In 1901, thanks to the work initiated in Switzerland by Émile Plantamour under the auspices of the International Geodetic Association, Friedrich Robert Helmert would find, essentially through gravimetry, parameters of the Earth ellipsoid remarkably close to reality, namely a semi-major axis equal to 6 378 200 metres and a flattening of 1/298.3 . This last value would be set at 1/298.25 by the analysis of the first results from satellite measurements. At the Exposition Universelle (1889), the Brunner frères company exhibited a reversible pendulum designed by Gilbert Étienne Defforges. In 1892, he measured the value of gravitational acceleration at the BIPM. In 1901, the third General Conference on Weights and Measures (CGPM) confirmed a value of 980.665 cm/s^{2} for the standard gravity.

In collaboration with the International Geodetic Association created to measure the Earth, the International Bureau of Weights and Measures became the world reference center for the measurement of geodetic bases thanks to Charles Édouard Guillaume's discovery of invar, an alloy of nickel and iron with a coefficient of thermal expansion close to zero.

The BIPM, based in Sèvres, not far from Paris, was originally responsible, under the supervision of the CIPM, for the conservation of international prototypes of measurement standards, as well as their comparison and calibration with national prototypes. However, the BIPM gradually reoriented itself towards the study of physical constants, which are the basis of 2019 revision of the SI.

== American cartography and the metre ==
In 1834, Ferdinand Rudolph Hassler measured at Fire Island the first baseline of the Survey of the Coast.
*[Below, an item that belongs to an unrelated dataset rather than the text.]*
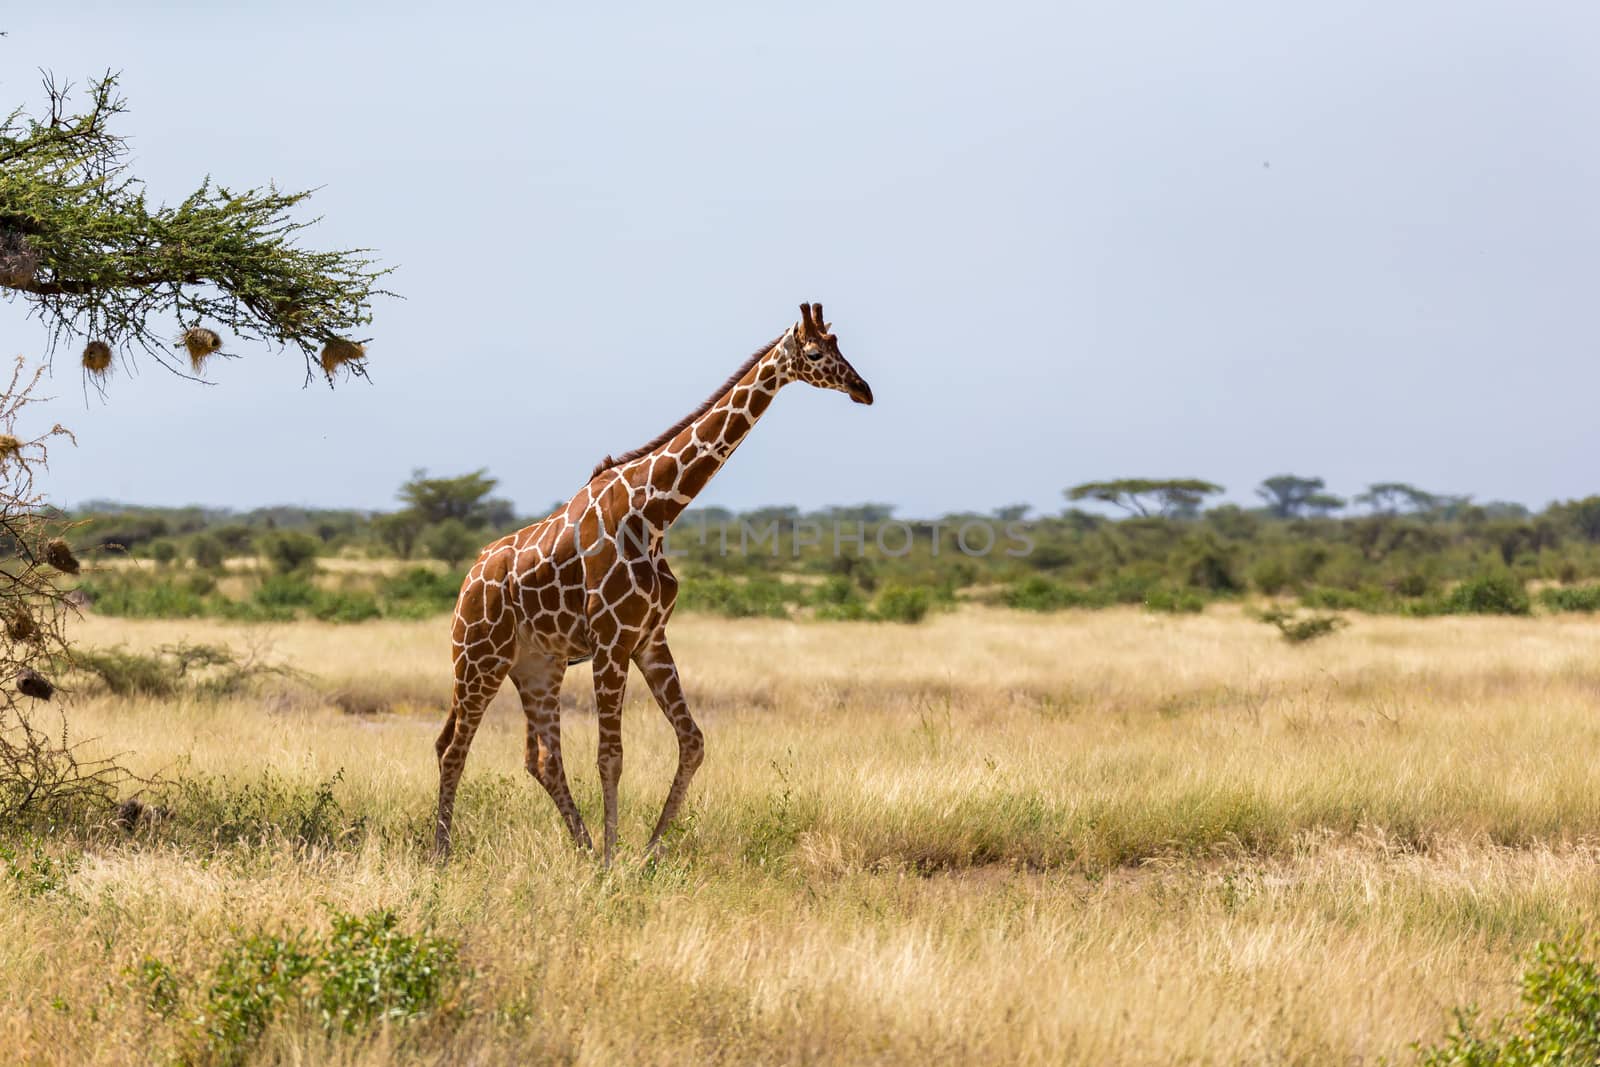 One giraffe walk through the savannah between the plants

Ferdinand Rudolph Hassler's use of the metre and the creation of the Office of Standard Weights and Measures as an office within the Coast Survey contributed to the introduction of the Metric Act of 1866 allowing the use of the metre in the United States, and preceded the choice of the metre as international scientific unit of length and the proposal by the 1867 General Conference of the European Arc Measurement (German: Europäische Gradmessung) to establish the International Bureau of Weights and Measures.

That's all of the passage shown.